Excerpt from Four Dreadful Judgments, book 4 of Revelation Special Ops

Meet Kwaku, one of the characters from the upcoming installment of the Revelation Special Ops series. His story is the story of way too many children in West Africa who are forced to harvest cacao beans for chocolate. After researching his story, I changed my habits. I love chocolate, but I won’t buy it unless I know for a fact that it’s fair trade certified.

The covers 0f books 1, 2 & 3, which can be found on Amazon.com:

From Four Dreadful Judgments:

Kwaku piled into the back of an overflowing four-wheeler. None of the children looked back at him when he gazed into their faces. He hoped to find a familiar face, one person who would remind him of home. None of these hardened, angry faces held the slightest hint of familiarity.

Did he look as angry as the rest of these boys? He’d only been here two months. And every day he worked meant another day’s wages for his mother and sisters.

But at age eleven, few things frightened him more than the prospect of being as angry and bitter as most of the men from his village in the center of Cote d’Ivoire, the Ivory Coast. As angry and bitter as all the boys here.

He wanted to paint pictures and to smile and to enjoy the beauty of life.

Here in the jungle, where the monsieurs stood with wooden poles, ready to beat any who indulged in conversation or daydream, nothing seemed beautiful.

He had to get out of here soon and find his sister Yejide, who was three years older than him, only fourteen. The thought of what work she was forced to do, what must have been happening to her every day, ate away at him. Yes, he was eleven, but he wasn’t naïve. He’d seen too much already to pretend he didn’t know.

The four-wheeler jolted to a stop. One of the boys fell onto the forest floor. Thankfully, he wasn’t holding a machete. But he screamed, cradled his knee and writhed on the forest floor.

The driver hopped to the ground and, wielding his wooden pole, beat the boy. Probably not to punish him, but just get him to stand. The rest of the boys stared as if rapt in morbid fascination.

Kwaku refused to stare. Every impact made his stomach clench tighter. Watching would make him lose last night’s dinner. No way he wanted to lose his one meal for the day. He hummed a tune to himself, one he’d made up on the spot, to drown out the boy’s screams.

It was midmorning before that boy finally stopped whimpering. He still worked, limping has he dragged loads for the other boys. Part of Kwaku wished he knew the boy’s name. And part of him was glad for ignorance. He could shut off the place in his mind that screamed about injustice.

He could not shut out the screams of injustice emanating from his heart.

The midafternoon sun shining through the canopy gave a rich green hue to everything in the jungle. One day when he would be able to leave this plantation, this, dare he say, slavery, he would remember that color. One day he would be free of all the horror of this, but would remember the beautiful parts. The vibrant greens under the canopy. The distant blue sometimes visible when he climbed the trees.

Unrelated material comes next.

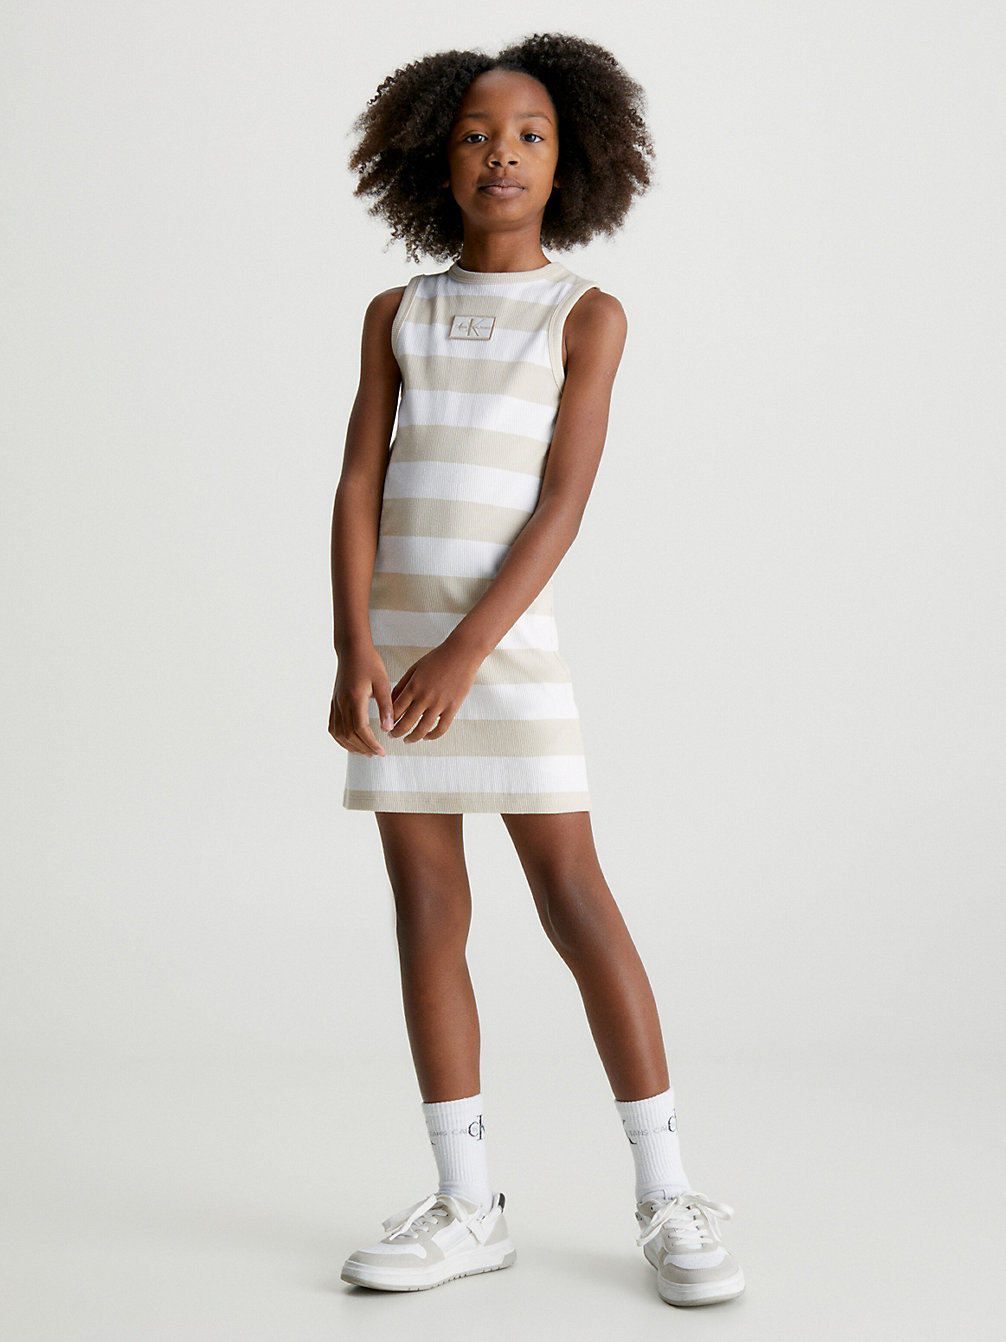 BRIGHT WHITE / CLASSIC BEIGE Ribbed Sleeveless Dress undefined girls Calvin Klein

He would not let these colors be tainted by the cruelty of the monsieurs. They didn’t deserve that kind of power.

He tried to do most of his work early. Always in the late afternoon, when Kwaku began to shake from hunger, his work slackened and his feet dragged. When he worked hard in the morning, the shaky hours didn’t matter so much.

Kwaku jumped to the ground and assembled his fourth 100 lb load for the day. Sweat streamed from his shaved head onto the cacao beans. Hopefully, no one would actually eat these things, as Aman suggested one day. He said some call it chocolate. If they ate these, they’d be eating his own sweat, pus and blood.

The boy who’d been whimpering most of the morning suddenly screamed.

A beast unlike any Kwaku had ever seen pinned the boy to the forest floor. It was large like a lion, but also like a snake and an ostrich all at once. Its grotesque face lunged at the boy.

Berko swiped at the beast with his machete. Even though he was one of the biggest boys at the plantation, Berko was only half the size of the beast.

It reared its head and turned toward Berko. He screamed and ran, waving his machete over his head and behind his back.

The creature leapt from the first boy and scrambled through the thicket after Berko.

Kwaku ran to the first boy and helped him to his feet. The boy was scratched, and his arm was pierced, probably by the talons of that crazy animal.

The boy squeezed Kwaku’s hand, popping his blister.

Two more crazy creatures jumped out of the brush, squawking and croaking strange calls into the air. Then came the unearthly growls that sounded somewhere between metal scraping and a tree falling and crashing to the ground.

Kwaku ignored the stinging, throbbing pain in his hands. He pulled the boy away from the bazaar creatures.

Lizards. They were like giant lizards with smatterings of feathers. Ugly. Desperate. Giant. Lizards.

Kwaku ran, unwilling to look back. Unwilling to let go of the boy’s hand.

He would never, ever paint with those colors, the mud gray and iridescent green. Never.